2

I think this should be the right SE, apologies otherwise

I have been researching ways to be more careful with how I handle important documents and credentials, but everything I found sounded incredibly inconvenient to use so I would like to get a confirmation of the simplest way to meet my use case - which I think is rather common.

Use case:

  1. I may not be a network or even IT engineer, but as a robotics engineer I am comfortable with pretty much any solution I have seen - it's just a matter of daily convenience
  2. I need to be able to store my personal administrative documents (including important ones) and various account credentials somewhere safe where I can be confident they will not be accessed nor damaged (within reason)
  3. I need to read/write my credentials from my personal computer (Windows), my mobile phone (Android), and my work laptop (usually Windows, sometimes Linux). It's okay if I can't access my documents on my mobile phone.
  4. I don't want a solution based on a cloud service, I'm really not comfortable depending on anyone for something as critical as this. I'm not a fan of a self-hosted server solution either but if that's what it takes I'm ok with it.

Edit: taking your advice into consideration, here is what I came up with. What do you think?

proposed archi

All terminals have the veracrypt container (for documents) and the keepass database (for credentials) 2-way synced using SyncThing (peer to peer). I can access the credentials and the documents using 2 factor auth, the master password (something I know) and the Yubikey (something I have). Both encrypted containers are 1-way-synced with file versioning ("staggered", i.e. with timestamp) to 2 NAS, each set up as RAID1 and in different locations. Incidentally, both NAS will receive non-critical backups. And since I'm not arrogant enough to consider myself more reliable than Google, each NAS will 1-way sync to my Google Drive in their own subfolder (I'm not sure it's safe to target the same folder). Once it's set up, I will plug my yubikey in the machine I want, open either encrypted container with the master password, and for credentials use the browser's Keepass plugin to auto-fill login & password for me. When I need to add an account, I generate a random one from Keepass.

The reason I didn't use Google Drive instead of SyncThing is that I don't rely on my devices being auto-connected to Google Drive to access my credentials, and if my devices get stolen I don't rely on a third party to provide me with a backup.

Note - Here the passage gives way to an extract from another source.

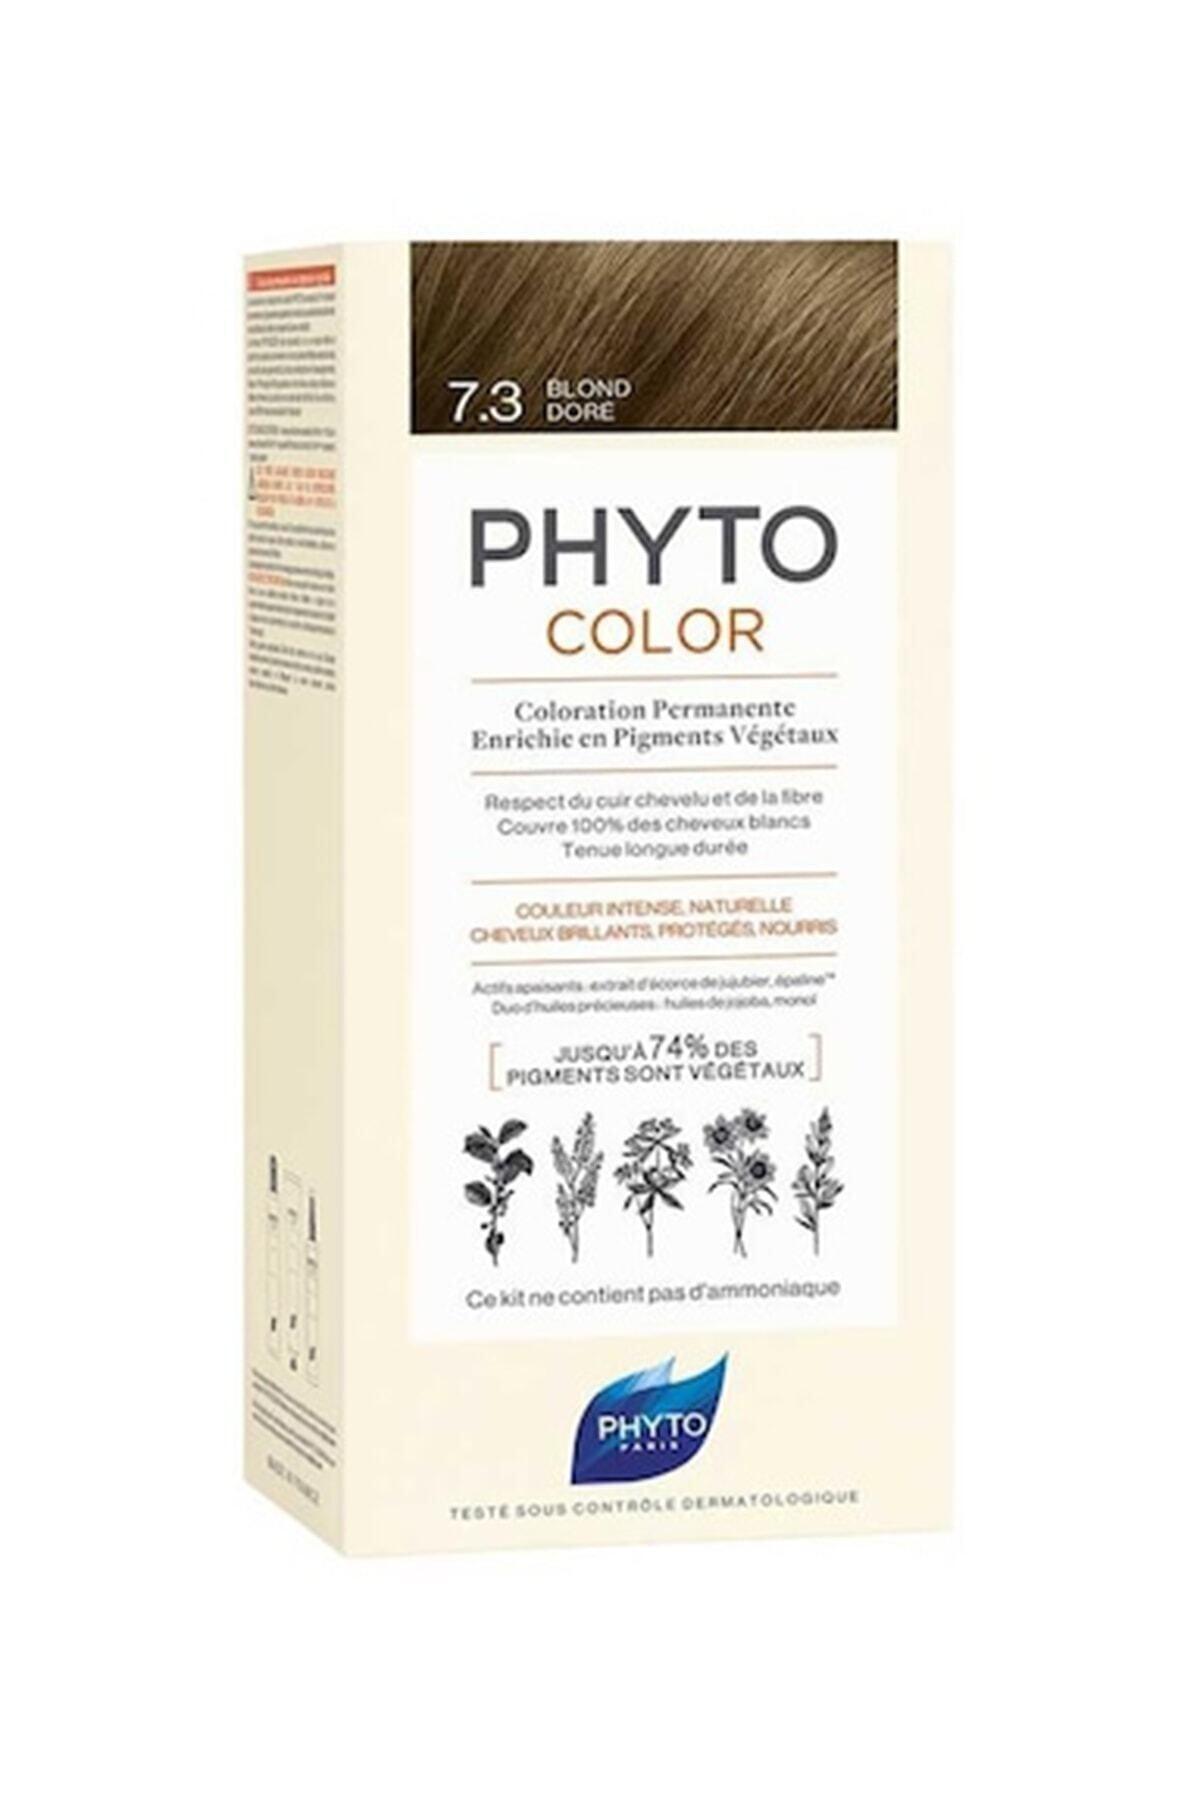 Phyto Color 7.3 - Kumral Dore (Bitkisel Saç Boyası) - 1

Oh, and I've covered added malware protection because that's obviously a prerequisite to Keepass and Veracrypt. Not too sure whether magikeyboard is not a vulnerability still here.

16
  • Why not store the VeraCrypt container, or similar, on a cloud service? How is a cloud service a problem in your use case?
    – schroeder
    Commented Jul 7 at 10:03
  • Sure, this is a common use use, but your requirements are not common. People use password managers and encrypted file containers in the cloud.
    – schroeder
    Commented Jul 7 at 10:06
  • As a robotics engineer, I'm sure you can see that you have mixed requirements that do not create a cohesive set. You have hardware requirements, networking requirements, but also application-level requirements that are completely independent from the other requirements. So, I think you need to decompose the question and your requirements far better.
    – schroeder
    Commented Jul 7 at 12:12
  • Thanks for the comments. I wrote these reqs at 2am so they're not a proper set - I'm not against using a cloud service to store something encrypted as long as it would take quantum computers to break it, and if it's backed up on hard drives in two of my places. Is there any other req in particular I should rework? Commented Jul 7 at 14:20
  • Your question appears to be critically around the infrastructure. Data flow, backup, accessibility. That's a cohesive set of requirements. Expecting the password manager to automatically update and autofill is a separate, application-level concern, and only applicable once the infrastructure is in place. So, I would dump those entirely. And I would update your reqs to include what you don't want from cloud, not that you won't accept cloud in any form. In fact, your comment suggests that it is well within your acceptable limits.
    – schroeder
    Commented Jul 7 at 15:12

1 Answer 1

6

If you consider carrying a USB stick around convenient, then a VeraCrypt container is a good starting point. You could additionally use hardware encryption, but I wouldn't rely on it alone. Open-source software tools like VeraCrypt can be and have been audited, whereas proprietary hardware encryption is largely a blackbox – we don't know how secure it really is. In the past, major vulnerabilities were found in, for example, hardware encryption of SSDs.

However, VeraCrypt only protects the data at rest. As soon as you open a file with a program, the data is loaded into RAM as plaintext. Even worse, it may also be written to disk as plaintext. For example, the program may create temporary files, or the operating system may swap RAM content to disk. This is particularly problematic in your case, because you have so many different client devices.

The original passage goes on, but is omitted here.